Okay, so he hasn’t committed on every issue:

Like all the candidates, Mr. Cain has weaknesses. He has stumbled on abortion. He refuses to restore the ban on homosexuals in the military. His views on trade are sketchy. In particular, he has failed to articulate a comprehensive foreign policy. On Afghanistan, Iran, China and Russia, Mr. Cain needs to outline where he stands. This is especially true regarding the seminal issue of our time: radical Islam. If Mr. Cain can’t cross that bar, then he will rightfully lose the GOP primary contest.

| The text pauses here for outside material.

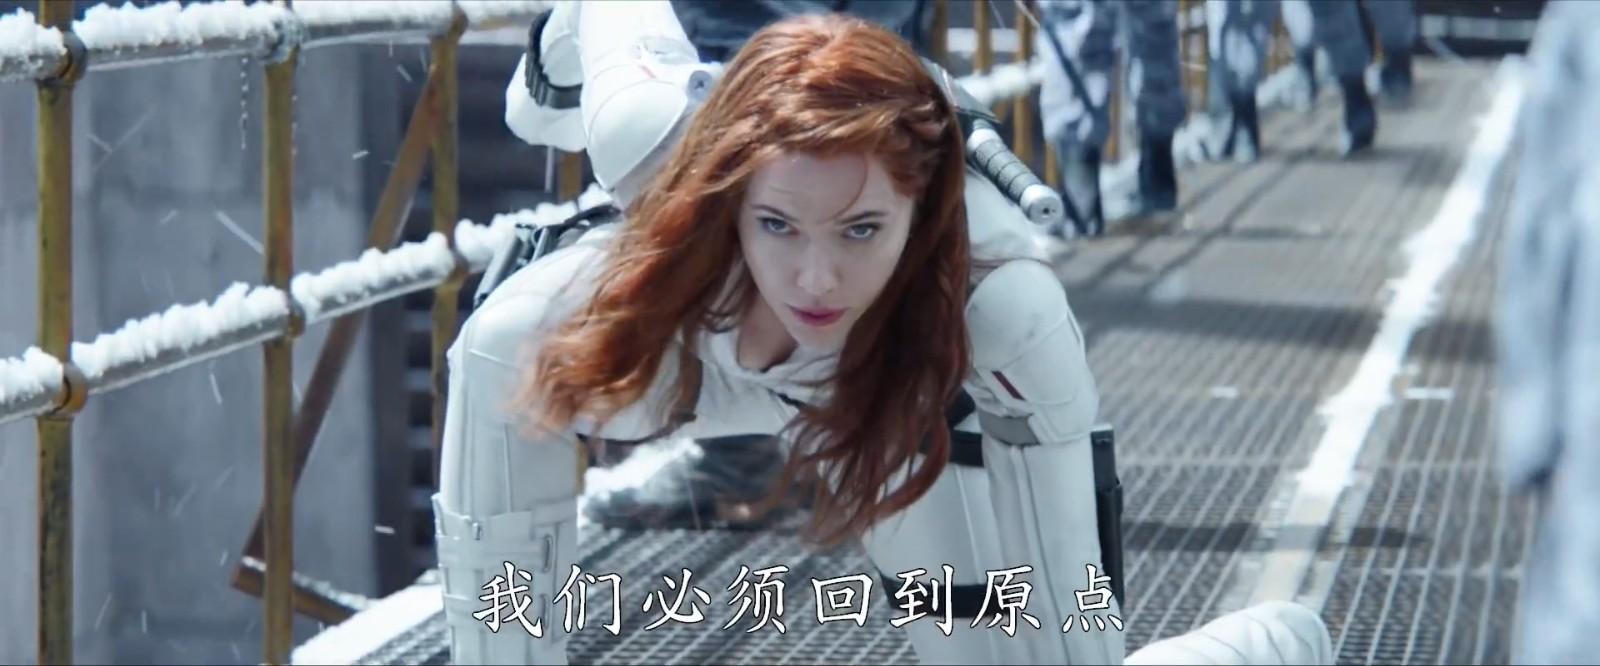 《黑寡妇》电影新中文版预告 7月9日北美上映
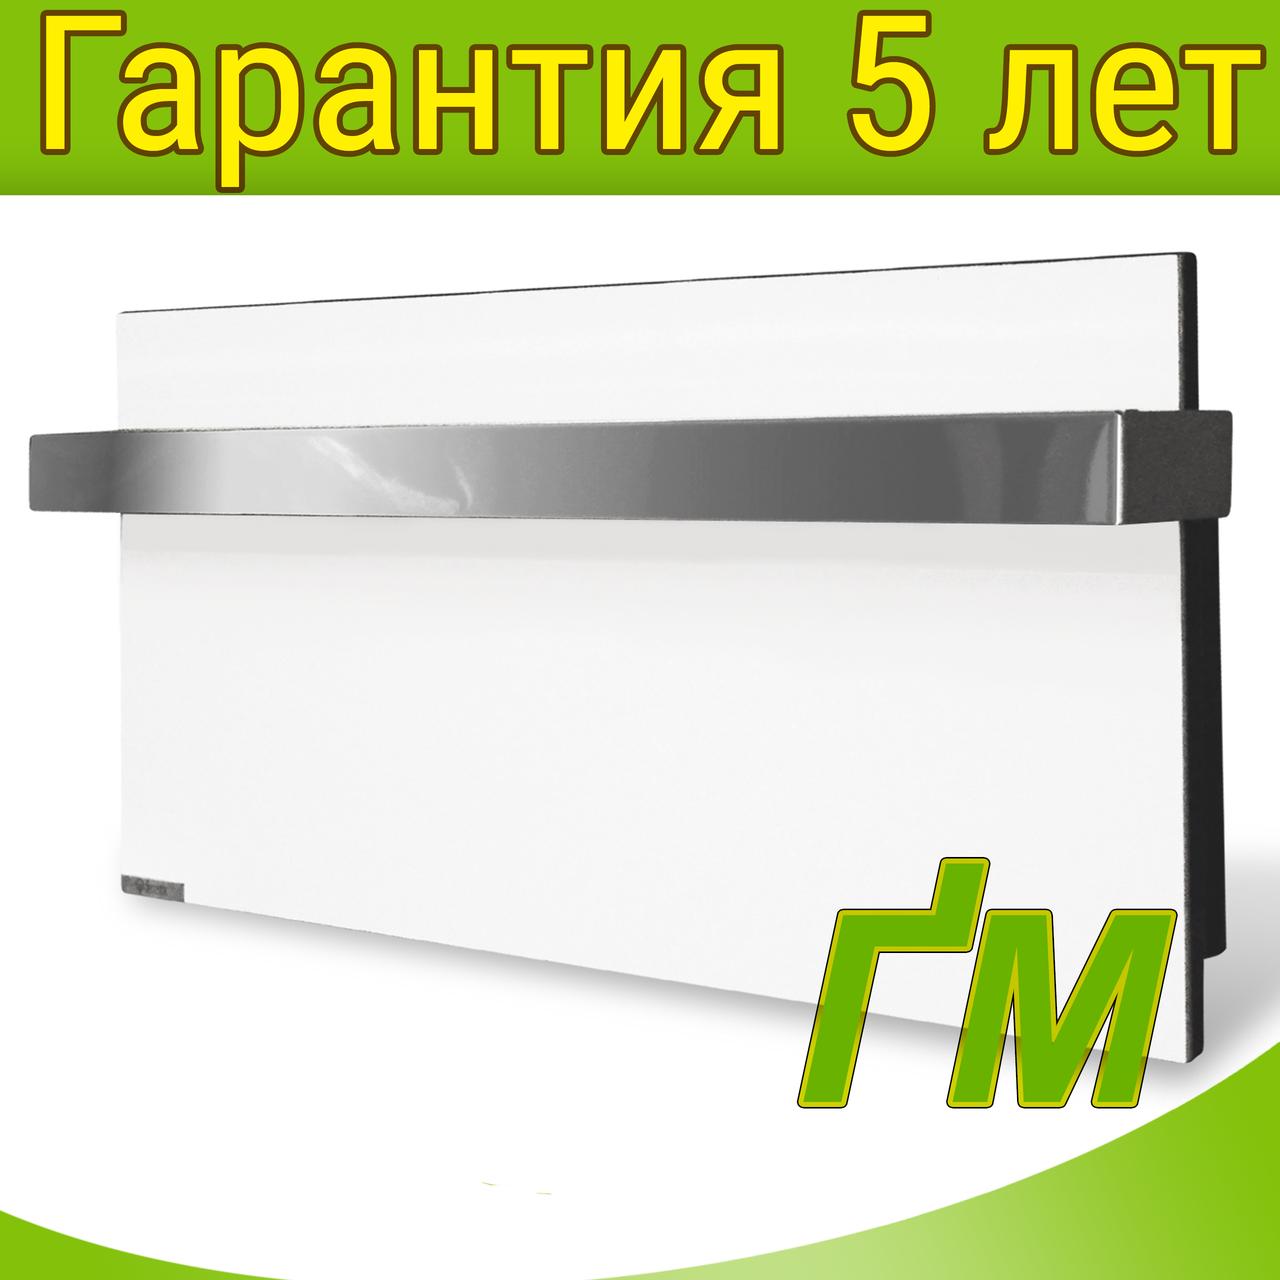 Электронагревательная панель Ceramic 250/220-TOWEL White

Fine, like the article says, “Like all the candidates…” One of the reasons we’ve missed the boat on some potentially excellent leaders is that we keep on looking for perfection in a world where nobody’s perfect. The day we find a candidate whose every single stance agrees with those of every single voter will never come.

Mr. Cain’s visceral appeal is that he is the outsider, the anti-establishment candidate. Unlike Mr. Romney, Mr. Cain is not a conventional politician. On the campaign trail, Mr. Cain’s answers are often not scripted; rather, they are blunt, raw and honest. He is articulate and passionate and uses simple, clear language that resonates with the electorate. In short, he is not a phony.

Moreover, he is a populist reformer who embodies much of the Tea Party insurgency against the decrepit governing class. Mr. Cain’s candidacy is tapping into Middle America’s frustration and anger with Imperial Washington.

Politicians have brought America to the brink of collapse. Inside the Beltway, Mr. Cain’s lack of political experience is seen as a huge negative. In the heartland, however, it is viewed as a virtue.

Three cheers for the “Fly-over Zone!” :-)

Tax reform is Mr. Cain’s signature issue. His 9-9-9 plan is ambitious. The current tax code is burdensome, stifling and infested with special-interest loopholes and carve-outs. It is the very symbol of our bloated and corrupt federal government. Mr. Cain calls for a 9 percent income tax, a 9 percent business tax and a 9 percent national sales tax. His proposal creates a simple, efficient tax code that broadens the base of taxpayers.

It would unleash economic growth and job creation - and strike at the heart of welfare liberalism. Nearly half of all Americans no longer pay any income taxes. This means they are being subsidized by middle- and upper-income earners - one half of the country is living off the other half. Mr. Cain would end this. The 9-9-9 plan would terminate the use of the tax system to foster a culture of dependency and government handouts.

Mr. Cain’s worldview can be distilled to running America as a business, not a socialist empire. His call for across-the-board spending cuts, entitlement reform and repeal of Obamacare would revive our moribund market economy. None of the GOP candidates captures the entrepreneurial spirit better than Mr. Cain. He embodies rugged individualism and self-reliance. He is a self-made businessman and former chief executive officer of Godfather’s Pizza. He has spent almost his entire life in the private sector. He speaks with the weight of conviction - and experience.

Mr. Cain also truly represents the promise of a post-racial America. This was the initial appeal of Mr. Obama’s presidency: The ugly legacy of race finally would be buried. Instead, under his administration, the country has become even more racially - and ideologically - polarized. Mr. Obama and his media allies constantly play the race card to demonize their critics. Mr. Cain, however, is the very opposite: His campaign so far has been completely free of racial overtones or grievance-mongering. He is running on his character and policies, not on the color of his skin. His candidacy truly transcends race.

His candidacy transcends idiotic political Romperroomism, as well.